2014-09-06 Thread Alex De la rosa
Hi there,

Can somebody explain the use for custom search schemas? I still don't get
why would I want to have a custom schema if the default schema seems to be
able to get me the info of all the fields i have in my object.

Thanks!
Alex


On Fri, Aug 29, 2014 at 4:48 PM, Alex De la rosa alex.rosa@gmail.com
wrote:

 Hi Sean,

 Seems I was wrong, that makes total sense now that you exposed it, looked
 a too good feature to me, but seems is not that easy.

 By the way, how does schemas really work for Riak Search? I went back
 and read the documentation but didn't see a real difference from using the
 default schema.

 Thanks!
 Alex


 On Fri, Aug 29, 2014 at 3:36 PM, Sean Cribbs s...@basho.com wrote:

 Alex,

 In short, no, you can't create custom types through schemas. Schemas
 currently only refer to Riak Search 2.

 We would love that too, but it hasn't happened yet. The problem is not
 conceiving of a data type but making its behavior both sensible and
 convergent in the face of concurrent activity or network partitions.
 For instance, say that two tweets come in around the same time. Who
 goes first in the stack you described? How can multiple independent
 copies reason about which ones to drop from the bottom of the stack to
 keep it bounded to 100? What happens if a replica is separated from
 the others for a while and has really stale entries, is it valid to
 serve those to a user? What happens when one replica pushes an element
 and another one pops it at the same time?

 These sound like they might be trivial problems, but they are
 incredibly hard to reason about in the general case. You have to
 reason about the ordering of events, the scope of their effects, and
 decide on a least-surprising behavior to expose to the user. Although
 we have given a pretty familiar/friendly interface to the data types
 shipping in 2.0, their behavior is strictly different from the types
 you would use in a single-threaded program in local memory.

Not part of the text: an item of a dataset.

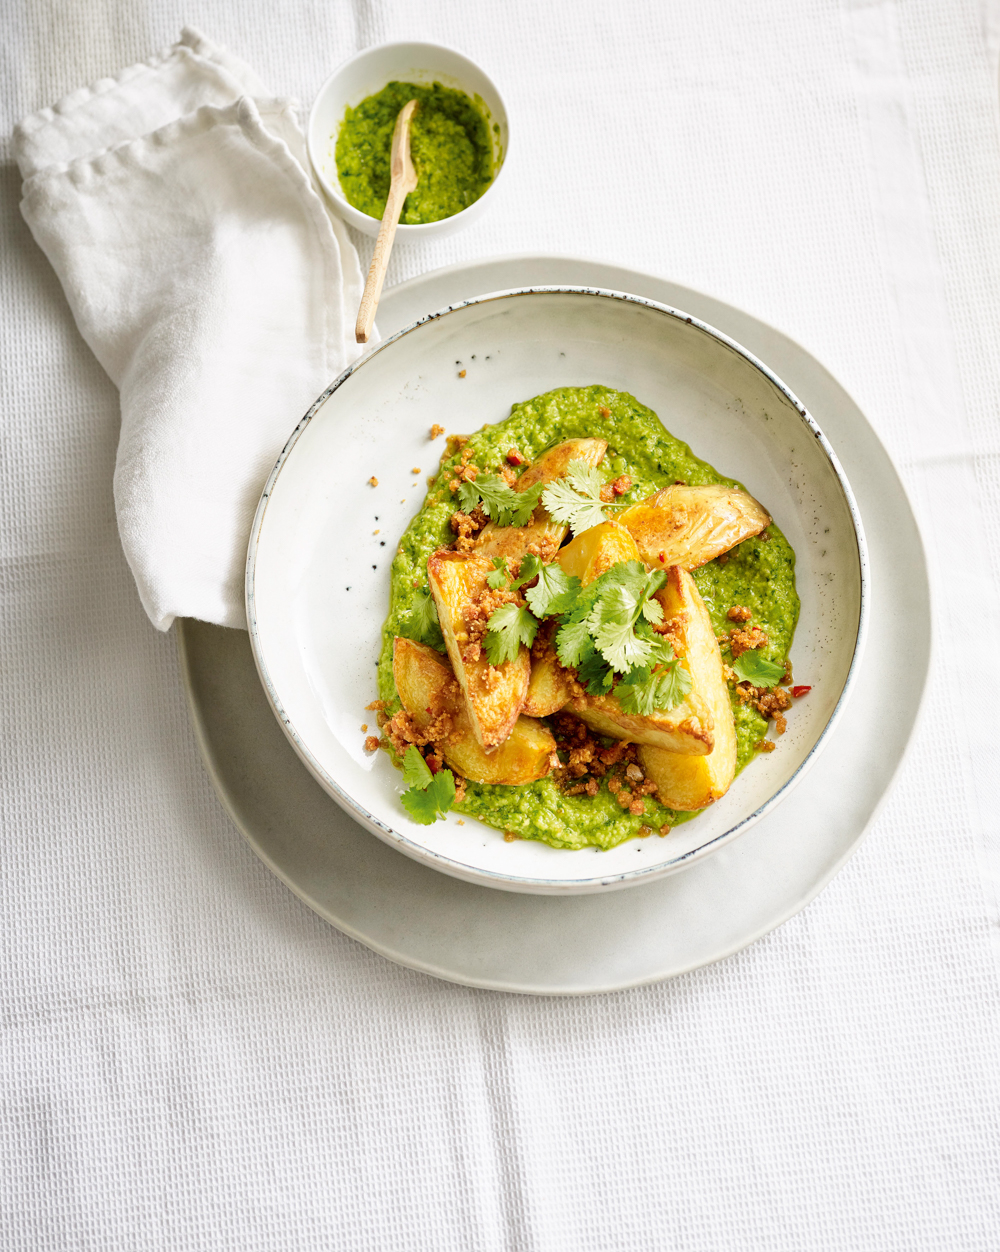 Ofenkartoffeln Farofa Erbsenkraeuter und Pesto

 On Thu, Aug 28, 2014 at 4:47 PM, Alex De la rosa
 alex.rosa@gmail.com wrote:
  Hi there,
 
  Correct me if I'm wrong, but I think I read somewhere that custom
 data-types
  can be created through schemas or something like that. So, apart from
  COUNTERS, SETS and MAPS we could have some custom defined ones.
 
  I would love to have a STACKS data-type that would work like a FIFO
 stack,
  so I could save the last 100 objects for some action. Imagine we are
  building Twitter where millions of tweets are sent all the time, but we
 want
  to quickly know the last 100 tweets for a user. Imagine something like:
 
  obj.stacks['last_tweets'].add(id_of_last_tweet)
 
  IN: last_tweet --- STACK_OF_100_TWEETS --- OUT: older than the 100th
 goes
  out
 
  Is this possible? If so, how to do it?
 
  Thanks and Best Regards,
  Alex
 
  ___
  riak-users mailing list
  riak-users@lists.basho.com
  http://lists.basho.com/mailman/listinfo/riak-users_lists.basho.com
 



 --
 Sean Cribbs s...@basho.com
 Software Engineer
 Basho Technologies, Inc.
 http://basho.com/



___
riak-users mailing list
riak-users@lists.basho.com
http://lists.basho.com/mailman/listinfo/riak-users_lists.basho.com


Re: Custom data-types

2014-09-06 Thread Luke Bakken
Alex,

Custom schemas allow you to only index a subset of your object's data
(saving disk space). They also allow data type specification, field
copying (to have full-text search across your object easily), and
several other features.

The Solr documentation has more information here:

https://cwiki.apache.org/confluence/display/solr/Documents%2C+Fields%2C+and+Schema+Design

--
Luke Bakken
Engineer / CSE
lbak...@basho.com


On Sat, Sep 6, 2014 at 2:20 AM, Alex De la rosa alex.rosa@gmail.com wrote:
 Hi there,

 Can somebody explain the use for custom search schemas? I still don't get
 why would I want to have a custom schema if the default schema seems to be
 able to get me the info of all the fields i have in my object.

 Thanks!
 Alex


 On Fri, Aug 29, 2014 at 4:48 PM, Alex De la rosa alex.rosa@gmail.com
 wrote:

 Hi Sean,

 Seems I was wrong, that makes total sense now that you exposed it, looked
 a too good feature to me, but seems is not that easy.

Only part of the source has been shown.